Twenty-two historic murals have been painstakingly cleaned, restored and are ready to go back on public display when Union Terminal reopens this weekend. The canvas works of Pierre Bourdelle are once again hanging in the Losantiville Dining Room after being taken down several decades ago to prevent further damage.
GBBN Architect Nick Cates says the food-themed murals were sent to New York for restoration.
"They removed the varnish and all the years of nicotine and dirt that had accumulated, which was quite a lot," Cates says. "When we saw these things before they were shipped out they were pretty dark. Some of them you could barely tell what was on them. But they were able to get that layer of soot and dirt off and then infill paint and revarnish them so it brings all their color back to life."

Restorers worried one of the 22 canvas murals was beyond repair and would have to be recreated.
"It had a lot of missing paint. It had a lot of dirt on it and it had been roughed up over time," Cates remembers. "After they got it to the studio they thought that it was worth giving it a try, so they went through a whole process to remove the layer of varnish and the dirt. Then after they did that, there was enough there that they thought that they could try it. They did a lot of infill painting and actually did a great job of restoring it."

Bourdelle's ceiling mural in the entry vestibule has also been brought back to life. A small section was left as-is so visitors with a careful eye can see how much work was done.
The Losantiville Dining Room will now serve as the main lunch room. If you look down, you'll see concrete patches and outlines of where the original lunch counter stools once stood. New green terrazzo was installed in the flooring to show were the serpentine lunch counter would have been.

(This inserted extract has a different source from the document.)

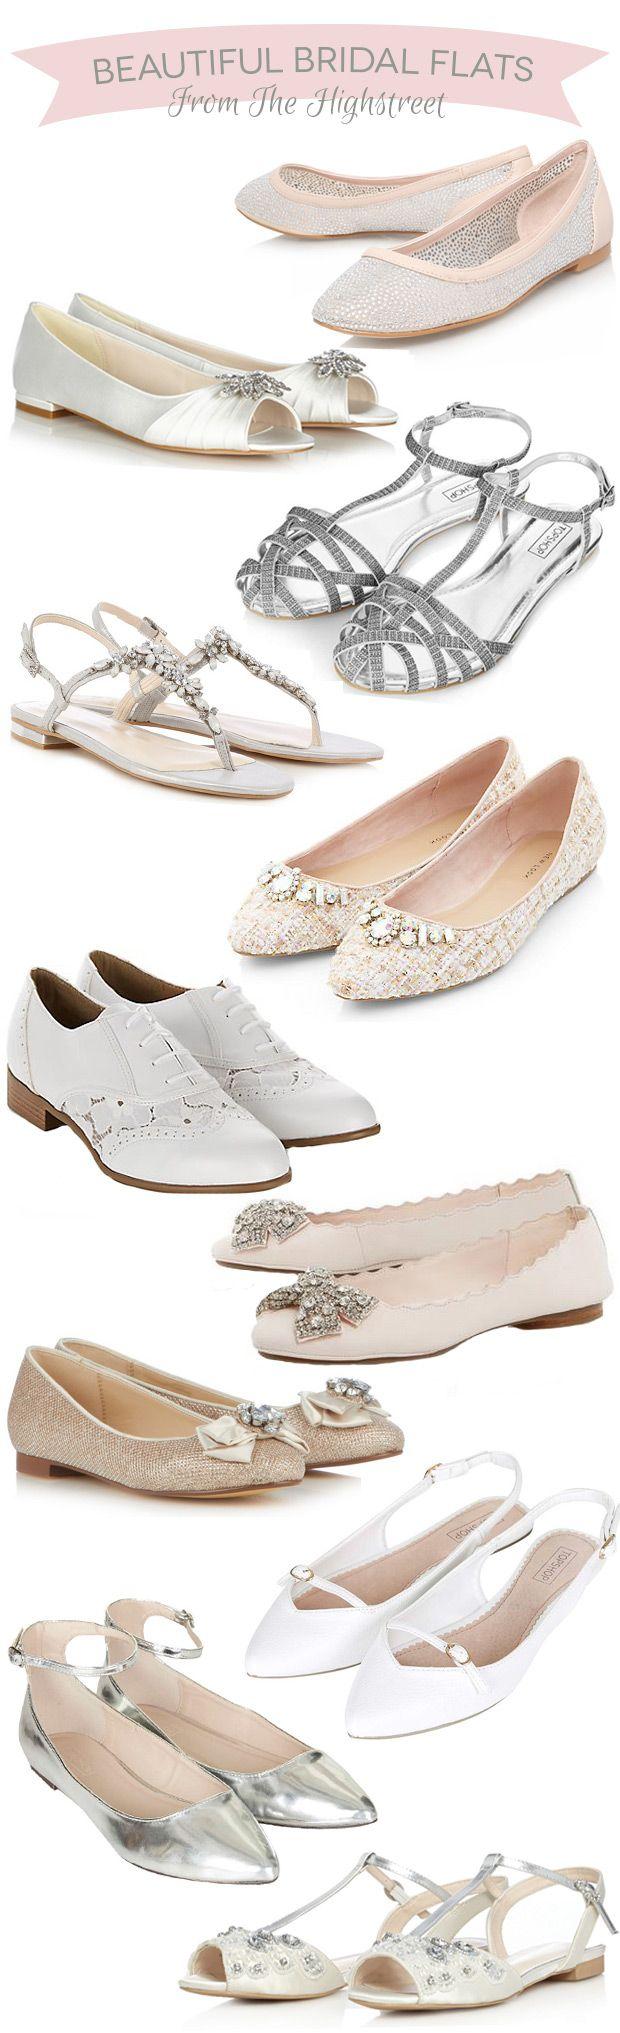 12 Budget Beautiful Flat Bridal Shoes   Flat bridal shoes, Bridal ...

The colors in the paintings are similar to those in the room, all having been designed to flow together. Cates says it's clear they were created for this particular space.
The paintings may give the allusion of being a typical size, but each is roughly six feet tall, Cates estimates. They vary in width depending on their location around the upper boarder of the room's high ceiling.
Restoration crews used old pictures of the lunch room to determine the original location of each mural.

The paintings were done on canvas which was affixed to the plaster walls rather than wooden stretchers. They remained on the walls through the 1980s. Cates says they were taken down and put in storage when the Cincinnati Museum Center moved in because there was damage to the ceiling and some mechanical systems were being replaced.
Some of the murals feature still lifes of fruits and vegetables and bread while others depict live animals.
Pierre Bourdelle was a French-born artist that did a lot of work for railways during his career. According to the Cincinnati History Library archives, "Bourdelle would ultimately create 5,496-square feet of work for Union Terminal, by far the largest single project of his career."

According to FrenchSculpture.org, Bourdelle's Union Terminal interior works "define American Art Deco, a result of the synthesis of Austro-German modernism with French Art Deco."
The Cincinnati Museum Center reopens in the renovated and restored Union Terminal Nov. 17.